Repeat Step 3 till 22 for all treatment groups. Copy over the tables you create in Step 22 to the sheet named “Analysis_allTG”. An example of what your sheet will look like at this stage is shown below.


We will manipulate this data to make it easier to plot. Copy over all the Row labels onto the right side as shown here.


You may notice that there are a few repeats of the same name. To get rid of these, we will use an Excel function called UNIQUE. Select a cell on the right side of these labels. In that cell, enter ‘=unique’ and select all the row labels. Hit Enter and you should now have a shorter table.


Copy these new labels and paste them again as Values.
Delete the column containing the Row Labels with repeats. We will not be needing those now. Our sheet will look like this.


Next, we will enter the relative abundances for all treatment groups. Create five new columns labelled TG1-TG5 beside the Row Labels.


We will use an Excel function called VLOOKUP. If you specify a value, this function will look it up in a selected range and return a corresponding value from a specified column.
In the first empty cell of the table, type ‘=vlookup’. The function will prompt you to select the value you want to look up. Select the first Row Label and enter a comma beside it.


Then, select the range of cells to search. The column is for TG1, so we will select the range of data for TG1.


We want the function to look up relative abundance, which is on the 6th column. Enter the column number, in this case it is ‘6’. Make sure to add a comma after each value.
Enter ‘FALSE’ in the function to return exact matches.
Your formula will look like the image below.

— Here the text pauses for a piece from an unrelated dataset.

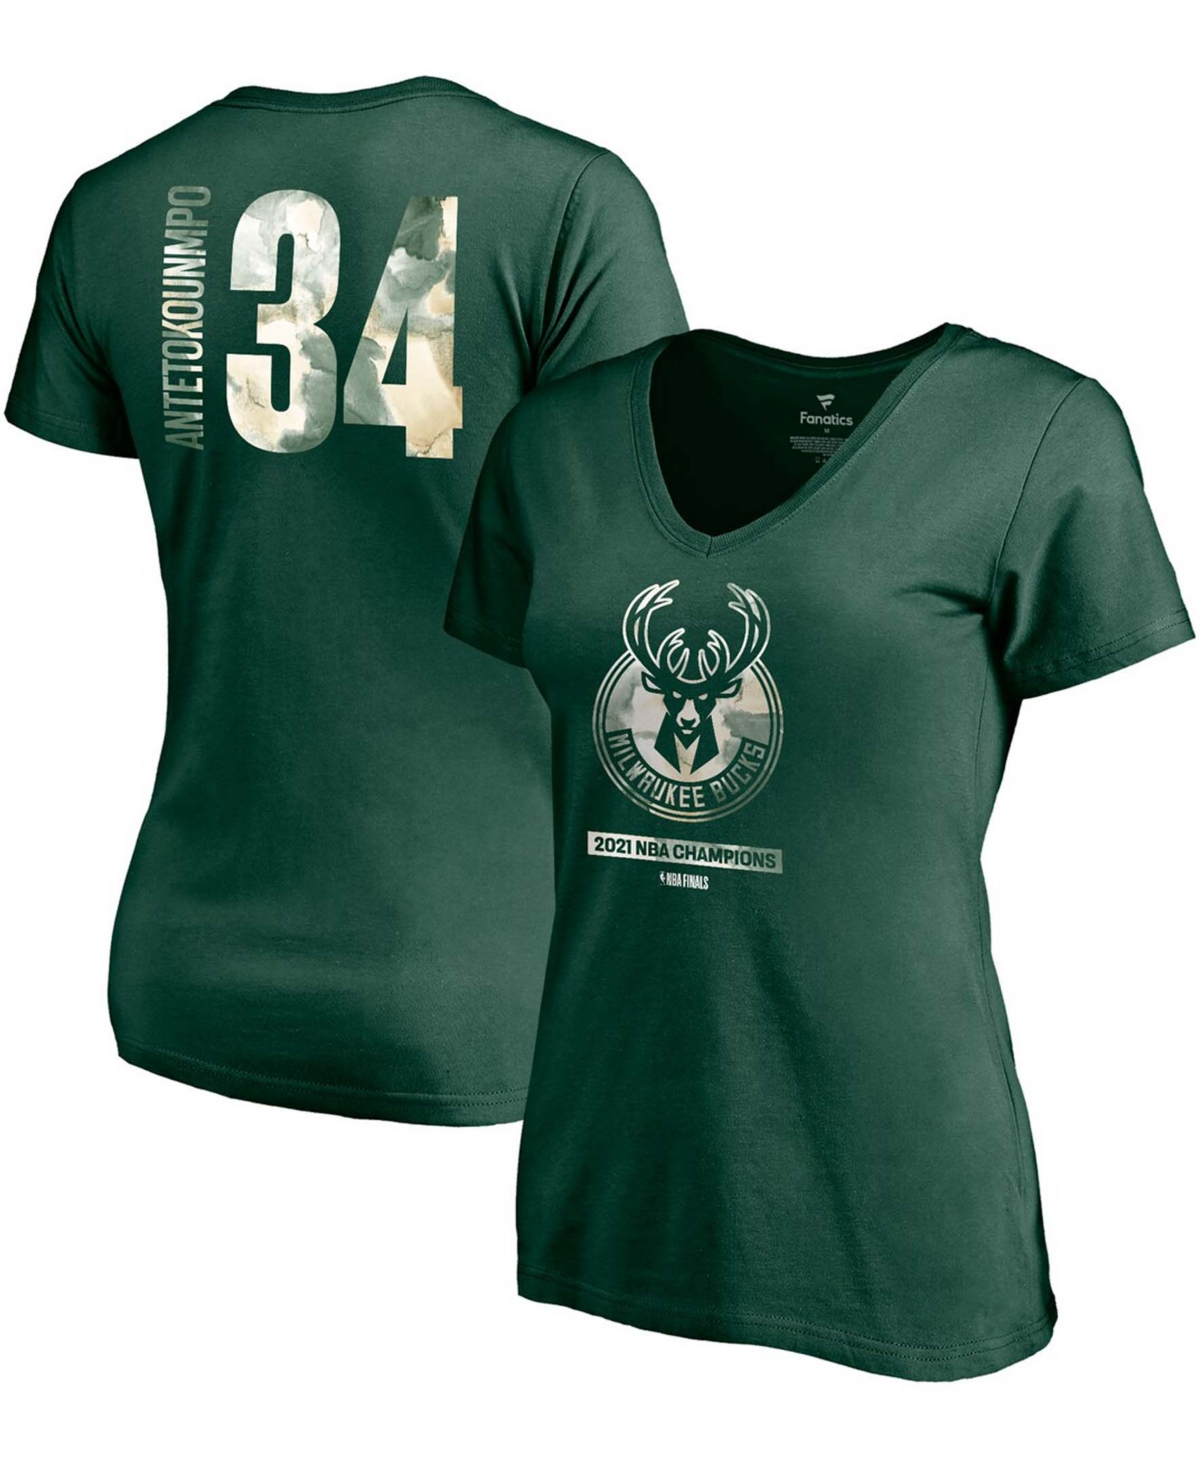 Women's Giannis Antetokounmpo Hunter Green Milwaukee Bucks 2021 Nba Finals Champions Believe The Game Name Number V-Neck T-shirt

As we will be dragging the function down to other cells, we will lock the array to always search for the specified TG. To do this, Excel uses “$” signs. Enter ‘$’ signs in front of your table array values e.g. $A$12:$F$15. Hit Enter.




Drag down the formula to give you relative abundances for each Row Label. If there isn’t a match, Excel will return ‘N/A’.




Repeat Steps 31 – 37 for each TG. Change the range of cells you search through for each TG accordingly as they will be different.
Stacked Bar Chart
Once you have the table ready, copy and paste it onto the same sheet again as Values. This makes manipulating the data smoother.
Select the entire table and navigate to the Excel header. Press Insert3e Column Charts. In the dropdown menu, select 100% stacked bar chart.


The bar chart will have Row Labels on the y axis and TG as the key. Click on ‘Switch Row/Column’ to swap these.


Your graphs should be mostly ready at this stage. We recommend adding a descriptive chart title and axis labels. You can also simplify the Row Labels to make them clear. For example, ‘NR_156348.1 Cladosporium domesticum CPC 22307 ITS region; from TYPE material’ can be changed to ‘Cladosporium domesticum’.
Feel free to customize the colours and have fun interpreting your graphs!